St. James also told the court that Sybrandt was convicted of exposing himself to a woman in 2004 and had harassed former female coworkers.

The woman whom Sybrandt sexually assaulted in February 2005 told O'Hara that 13 months after the incident she still was feeling the residual effects of the incident. She asked that Sybrandt be removed from the Steamboat Springs community indefinitely.

"The event has affected me in a number of ways. I felt like I was one of the most supportive and sympathetic women in his life, and he sexually molested me. It makes me very concerned to think what he would do to a woman who truly rejected him or who he was angry at," she said.

St. James told O'Hara he thought Sybrandt was a serious risk to the women in the community and that Sybrandt's evaluations indicated that he was a high risk to commit another sexual offense.

"I would contend that every woman that comes in contact with this man is at risk.
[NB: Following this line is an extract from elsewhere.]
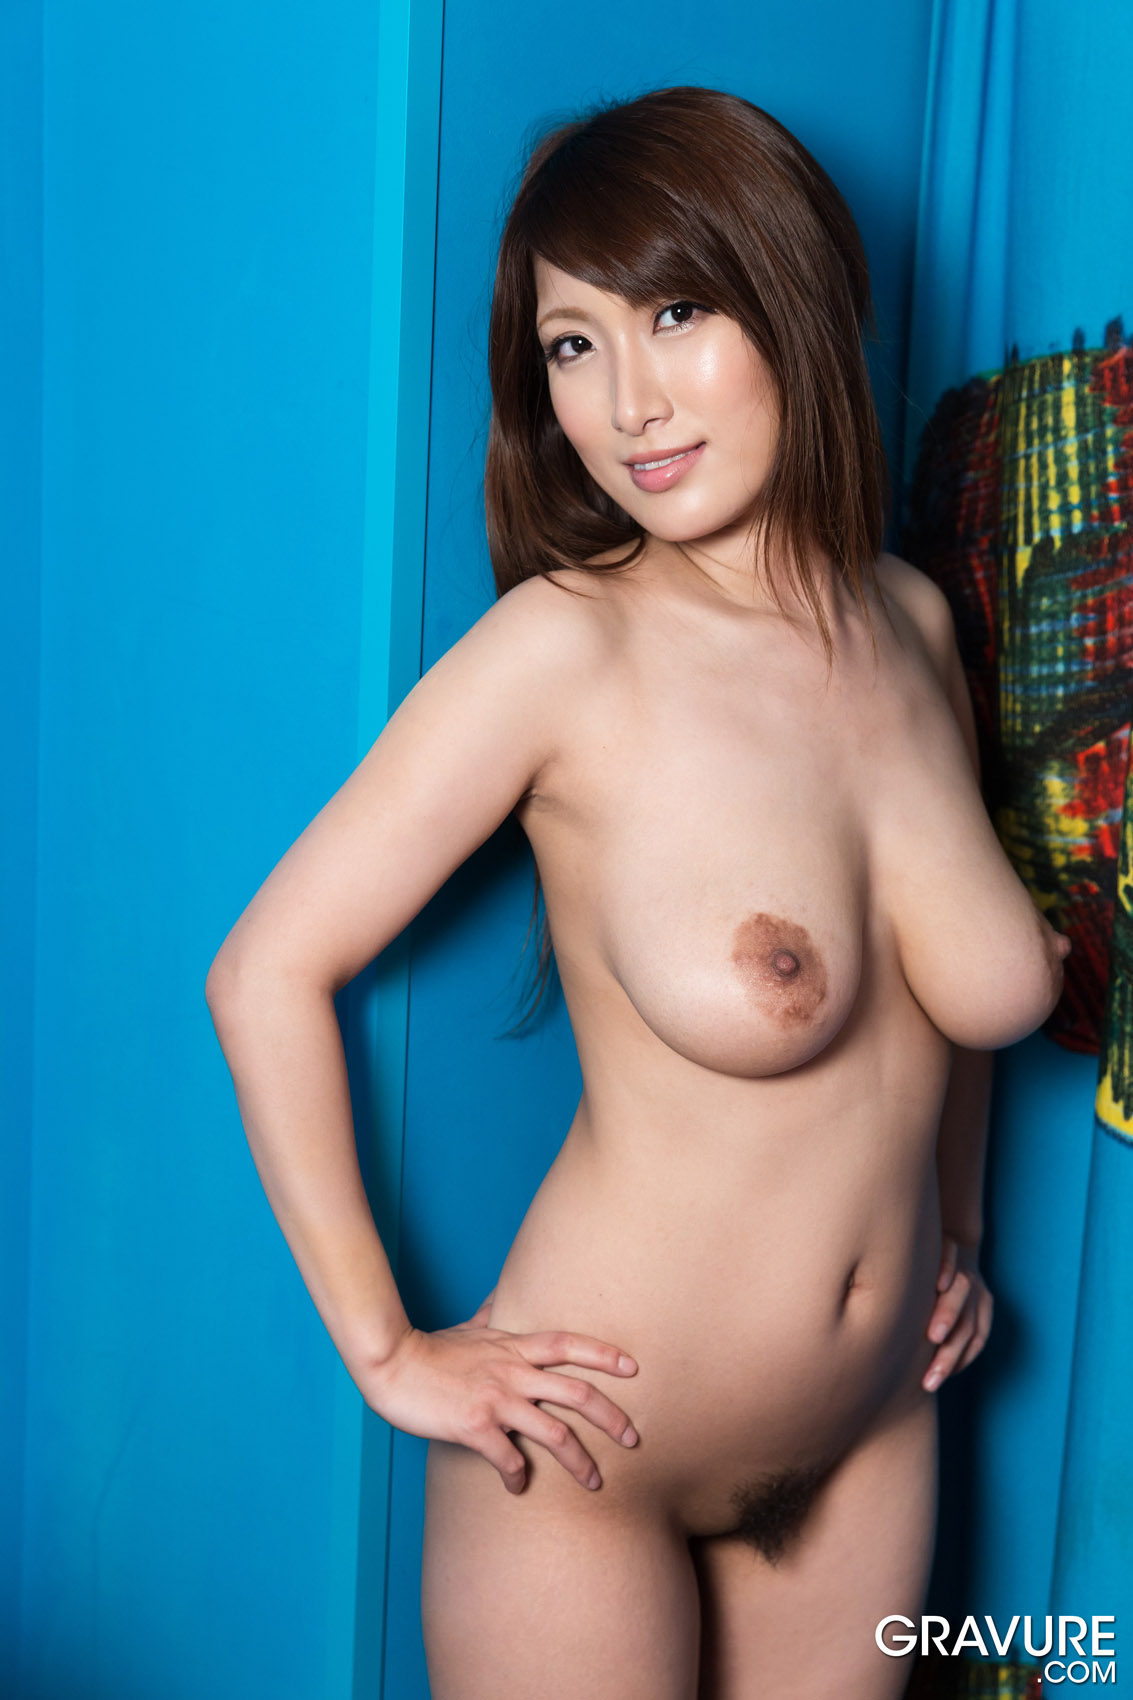 gravure idol nude Japanese

He will offend again, and frankly, I do not think he can be fixed. What he did to (the woman) cannot be wiped from someone's memory bank," St. James said. "You can't give back that type of security."

Before issuing his sentencing, O'Hara told Sybrandt that he understood his mental health issues and his desire for treatment, but O'Hara also expressed concern that Sybrandt had blamed others for his situation. Sybrandt is incapable of understanding the damage he has caused the women he has assaulted, O'Hara said.

"You, sir, have no idea of how you rob people of their safety and their well-being. You have no empathy for your past or the things you have done to people," O'Hara said. "The letters you have continuously written to the court indicate that you need help. I don't know how to give that help. You have rejected everything that has been given to you in the past."

O'Hara sentenced Sybrandt to one year in Routt County Jail on the false imprisonment and violation of a protection order charges. He gave Sybrandt a 529-day jail credit for time already served.

Sybrandt also was ordered to spend six years in the Colorado Department of Corrections on the second-degree burglary charge and an additional 10 years on the unlawful sexual contact charge. O'Hara also classified Sybrandt as a sexually violent predator, which means he will be under lifetime supervision if he is released from prison.

St. James said when Sybrandt is eligible for parole, he could be released only if a parole board determines he no longer is a threat to society. If the parole board never makes that decision, Sybrandt could potentially spend the rest of his life in prison, O'Hara said.